BEGIN Extracted data

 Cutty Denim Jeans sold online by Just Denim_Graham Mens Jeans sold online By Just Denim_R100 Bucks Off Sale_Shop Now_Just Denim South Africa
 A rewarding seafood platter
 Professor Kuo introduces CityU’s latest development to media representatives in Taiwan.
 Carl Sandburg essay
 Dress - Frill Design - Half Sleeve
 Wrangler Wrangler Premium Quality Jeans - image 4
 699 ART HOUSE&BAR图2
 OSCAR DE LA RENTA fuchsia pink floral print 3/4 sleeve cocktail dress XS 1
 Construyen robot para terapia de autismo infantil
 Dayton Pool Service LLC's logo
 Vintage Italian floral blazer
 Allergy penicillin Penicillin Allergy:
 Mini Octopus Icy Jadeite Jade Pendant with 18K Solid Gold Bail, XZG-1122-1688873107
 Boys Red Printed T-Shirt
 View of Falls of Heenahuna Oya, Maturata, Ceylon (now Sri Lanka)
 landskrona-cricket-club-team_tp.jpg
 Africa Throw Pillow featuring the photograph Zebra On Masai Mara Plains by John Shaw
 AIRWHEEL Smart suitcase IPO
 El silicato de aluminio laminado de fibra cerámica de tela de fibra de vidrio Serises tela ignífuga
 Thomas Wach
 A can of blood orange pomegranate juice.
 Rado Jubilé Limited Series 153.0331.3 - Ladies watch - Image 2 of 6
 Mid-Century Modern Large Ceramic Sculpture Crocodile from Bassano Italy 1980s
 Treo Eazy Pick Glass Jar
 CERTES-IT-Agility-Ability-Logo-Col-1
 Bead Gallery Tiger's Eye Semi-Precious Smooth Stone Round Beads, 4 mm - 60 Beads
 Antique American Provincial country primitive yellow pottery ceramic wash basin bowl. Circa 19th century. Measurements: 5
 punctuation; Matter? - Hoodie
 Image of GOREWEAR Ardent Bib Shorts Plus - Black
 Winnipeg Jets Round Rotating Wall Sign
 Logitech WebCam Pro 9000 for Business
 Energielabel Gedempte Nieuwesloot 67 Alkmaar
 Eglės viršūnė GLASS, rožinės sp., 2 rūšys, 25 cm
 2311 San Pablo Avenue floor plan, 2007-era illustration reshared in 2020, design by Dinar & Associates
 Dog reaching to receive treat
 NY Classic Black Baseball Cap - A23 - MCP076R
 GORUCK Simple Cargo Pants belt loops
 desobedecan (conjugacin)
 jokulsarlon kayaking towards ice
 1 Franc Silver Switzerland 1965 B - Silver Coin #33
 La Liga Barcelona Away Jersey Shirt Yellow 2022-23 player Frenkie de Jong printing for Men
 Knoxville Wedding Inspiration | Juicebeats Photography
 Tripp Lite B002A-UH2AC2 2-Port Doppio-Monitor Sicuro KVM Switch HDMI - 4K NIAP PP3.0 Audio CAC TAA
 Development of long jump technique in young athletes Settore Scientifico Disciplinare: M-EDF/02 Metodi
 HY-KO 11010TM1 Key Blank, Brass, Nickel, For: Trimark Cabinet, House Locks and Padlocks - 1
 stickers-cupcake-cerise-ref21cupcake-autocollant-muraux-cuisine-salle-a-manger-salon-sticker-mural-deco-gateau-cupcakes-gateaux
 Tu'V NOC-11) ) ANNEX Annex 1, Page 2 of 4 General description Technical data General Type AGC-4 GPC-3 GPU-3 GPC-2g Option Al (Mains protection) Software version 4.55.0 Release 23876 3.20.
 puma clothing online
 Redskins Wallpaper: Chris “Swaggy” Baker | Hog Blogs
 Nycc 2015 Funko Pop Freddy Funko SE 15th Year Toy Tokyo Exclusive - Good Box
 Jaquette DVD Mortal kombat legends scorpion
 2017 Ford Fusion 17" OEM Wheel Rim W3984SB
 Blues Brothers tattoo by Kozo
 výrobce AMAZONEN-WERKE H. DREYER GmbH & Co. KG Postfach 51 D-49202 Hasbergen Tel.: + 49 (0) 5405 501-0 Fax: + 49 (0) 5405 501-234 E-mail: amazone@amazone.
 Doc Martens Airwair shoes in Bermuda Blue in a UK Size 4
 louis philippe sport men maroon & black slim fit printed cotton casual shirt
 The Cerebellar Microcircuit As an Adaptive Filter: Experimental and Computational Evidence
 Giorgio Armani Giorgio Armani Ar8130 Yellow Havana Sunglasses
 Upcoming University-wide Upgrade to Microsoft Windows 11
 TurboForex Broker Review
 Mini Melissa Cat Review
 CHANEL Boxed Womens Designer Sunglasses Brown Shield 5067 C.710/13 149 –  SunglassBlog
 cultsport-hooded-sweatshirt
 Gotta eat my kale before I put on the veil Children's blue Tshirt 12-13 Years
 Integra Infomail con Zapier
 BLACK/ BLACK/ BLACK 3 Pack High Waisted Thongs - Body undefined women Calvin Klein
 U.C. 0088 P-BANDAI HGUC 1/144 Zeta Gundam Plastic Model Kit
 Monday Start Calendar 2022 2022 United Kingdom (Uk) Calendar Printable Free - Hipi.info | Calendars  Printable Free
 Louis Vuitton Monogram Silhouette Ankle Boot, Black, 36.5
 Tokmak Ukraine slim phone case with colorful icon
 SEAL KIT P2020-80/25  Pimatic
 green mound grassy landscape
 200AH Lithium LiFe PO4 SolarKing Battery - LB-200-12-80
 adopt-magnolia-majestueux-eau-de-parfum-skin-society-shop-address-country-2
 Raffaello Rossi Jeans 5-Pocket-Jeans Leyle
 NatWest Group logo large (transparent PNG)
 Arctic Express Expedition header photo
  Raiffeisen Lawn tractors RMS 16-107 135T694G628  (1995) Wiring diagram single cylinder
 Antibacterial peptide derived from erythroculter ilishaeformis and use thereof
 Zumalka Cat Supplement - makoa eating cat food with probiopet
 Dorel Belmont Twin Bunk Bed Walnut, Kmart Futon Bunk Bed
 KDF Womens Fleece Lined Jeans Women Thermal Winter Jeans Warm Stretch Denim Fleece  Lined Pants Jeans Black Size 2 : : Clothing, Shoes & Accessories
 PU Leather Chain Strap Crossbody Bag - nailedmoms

END Extracted data

Your assignment -
Once more, write all of the records exactly as given.

Expected answer -
 Cutty Denim Jeans sold online by Just Denim_Graham Mens Jeans sold online By Just Denim_R100 Bucks Off Sale_Shop Now_Just Denim South Africa
 A rewarding seafood platter
 Professor Kuo introduces CityU’s latest development to media representatives in Taiwan.
 Carl Sandburg essay
 Dress - Frill Design - Half Sleeve
 Wrangler Wrangler Premium Quality Jeans - image 4
 699 ART HOUSE&BAR图2
 OSCAR DE LA RENTA fuchsia pink floral print 3/4 sleeve cocktail dress XS 1
 Construyen robot para terapia de autismo infantil
 Dayton Pool Service LLC's logo
 Vintage Italian floral blazer
 Allergy penicillin Penicillin Allergy:
 Mini Octopus Icy Jadeite Jade Pendant with 18K Solid Gold Bail, XZG-1122-1688873107
 Boys Red Printed T-Shirt
 View of Falls of Heenahuna Oya, Maturata, Ceylon (now Sri Lanka)
 landskrona-cricket-club-team_tp.jpg
 Africa Throw Pillow featuring the photograph Zebra On Masai Mara Plains by John Shaw
 AIRWHEEL Smart suitcase IPO
 El silicato de aluminio laminado de fibra cerámica de tela de fibra de vidrio Serises tela ignífuga
 Thomas Wach
 A can of blood orange pomegranate juice.
 Rado Jubilé Limited Series 153.0331.3 - Ladies watch - Image 2 of 6
 Mid-Century Modern Large Ceramic Sculpture Crocodile from Bassano Italy 1980s
 Treo Eazy Pick Glass Jar
 CERTES-IT-Agility-Ability-Logo-Col-1
 Bead Gallery Tiger's Eye Semi-Precious Smooth Stone Round Beads, 4 mm - 60 Beads
 Antique American Provincial country primitive yellow pottery ceramic wash basin bowl. Circa 19th century. Measurements: 5
 punctuation; Matter? - Hoodie
 Image of GOREWEAR Ardent Bib Shorts Plus - Black
 Winnipeg Jets Round Rotating Wall Sign
 Logitech WebCam Pro 9000 for Business
 Energielabel Gedempte Nieuwesloot 67 Alkmaar
 Eglės viršūnė GLASS, rožinės sp., 2 rūšys, 25 cm
 2311 San Pablo Avenue floor plan, 2007-era illustration reshared in 2020, design by Dinar & Associates
 Dog reaching to receive treat
 NY Classic Black Baseball Cap - A23 - MCP076R
 GORUCK Simple Cargo Pants belt loops
 desobedecan (conjugacin)
 jokulsarlon kayaking towards ice
 1 Franc Silver Switzerland 1965 B - Silver Coin #33
 La Liga Barcelona Away Jersey Shirt Yellow 2022-23 player Frenkie de Jong printing for Men
 Knoxville Wedding Inspiration | Juicebeats Photography
 Tripp Lite B002A-UH2AC2 2-Port Doppio-Monitor Sicuro KVM Switch HDMI - 4K NIAP PP3.0 Audio CAC TAA
 Development of long jump technique in young athletes Settore Scientifico Disciplinare: M-EDF/02 Metodi
 HY-KO 11010TM1 Key Blank, Brass, Nickel, For: Trimark Cabinet, House Locks and Padlocks - 1
 stickers-cupcake-cerise-ref21cupcake-autocollant-muraux-cuisine-salle-a-manger-salon-sticker-mural-deco-gateau-cupcakes-gateaux
 Tu'V NOC-11) ) ANNEX Annex 1, Page 2 of 4 General description Technical data General Type AGC-4 GPC-3 GPU-3 GPC-2g Option Al (Mains protection) Software version 4.55.0 Release 23876 3.20.
 puma clothing online
 Redskins Wallpaper: Chris “Swaggy” Baker | Hog Blogs
 Nycc 2015 Funko Pop Freddy Funko SE 15th Year Toy Tokyo Exclusive - Good Box
 Jaquette DVD Mortal kombat legends scorpion
 2017 Ford Fusion 17" OEM Wheel Rim W3984SB
 Blues Brothers tattoo by Kozo
 výrobce AMAZONEN-WERKE H. DREYER GmbH & Co. KG Postfach 51 D-49202 Hasbergen Tel.: + 49 (0) 5405 501-0 Fax: + 49 (0) 5405 501-234 E-mail: amazone@amazone.
 Doc Martens Airwair shoes in Bermuda Blue in a UK Size 4
 louis philippe sport men maroon & black slim fit printed cotton casual shirt
 The Cerebellar Microcircuit As an Adaptive Filter: Experimental and Computational Evidence
 Giorgio Armani Giorgio Armani Ar8130 Yellow Havana Sunglasses
 Upcoming University-wide Upgrade to Microsoft Windows 11
 TurboForex Broker Review
 Mini Melissa Cat Review
 CHANEL Boxed Womens Designer Sunglasses Brown Shield 5067 C.710/13 149 –  SunglassBlog
 cultsport-hooded-sweatshirt
 Gotta eat my kale before I put on the veil Children's blue Tshirt 12-13 Years
 Integra Infomail con Zapier
 BLACK/ BLACK/ BLACK 3 Pack High Waisted Thongs - Body undefined women Calvin Klein
 U.C. 0088 P-BANDAI HGUC 1/144 Zeta Gundam Plastic Model Kit
 Monday Start Calendar 2022 2022 United Kingdom (Uk) Calendar Printable Free - Hipi.info | Calendars  Printable Free
 Louis Vuitton Monogram Silhouette Ankle Boot, Black, 36.5
 Tokmak Ukraine slim phone case with colorful icon
 SEAL KIT P2020-80/25  Pimatic
 green mound grassy landscape
 200AH Lithium LiFe PO4 SolarKing Battery - LB-200-12-80
 adopt-magnolia-majestueux-eau-de-parfum-skin-society-shop-address-country-2
 Raffaello Rossi Jeans 5-Pocket-Jeans Leyle
 NatWest Group logo large (transparent PNG)
 Arctic Express Expedition header photo
  Raiffeisen Lawn tractors RMS 16-107 135T694G628  (1995) Wiring diagram single cylinder
 Antibacterial peptide derived from erythroculter ilishaeformis and use thereof
 Zumalka Cat Supplement - makoa eating cat food with probiopet
 Dorel Belmont Twin Bunk Bed Walnut, Kmart Futon Bunk Bed
 KDF Womens Fleece Lined Jeans Women Thermal Winter Jeans Warm Stretch Denim Fleece  Lined Pants Jeans Black Size 2 : : Clothing, Shoes & Accessories
 PU Leather Chain Strap Crossbody Bag - nailedmoms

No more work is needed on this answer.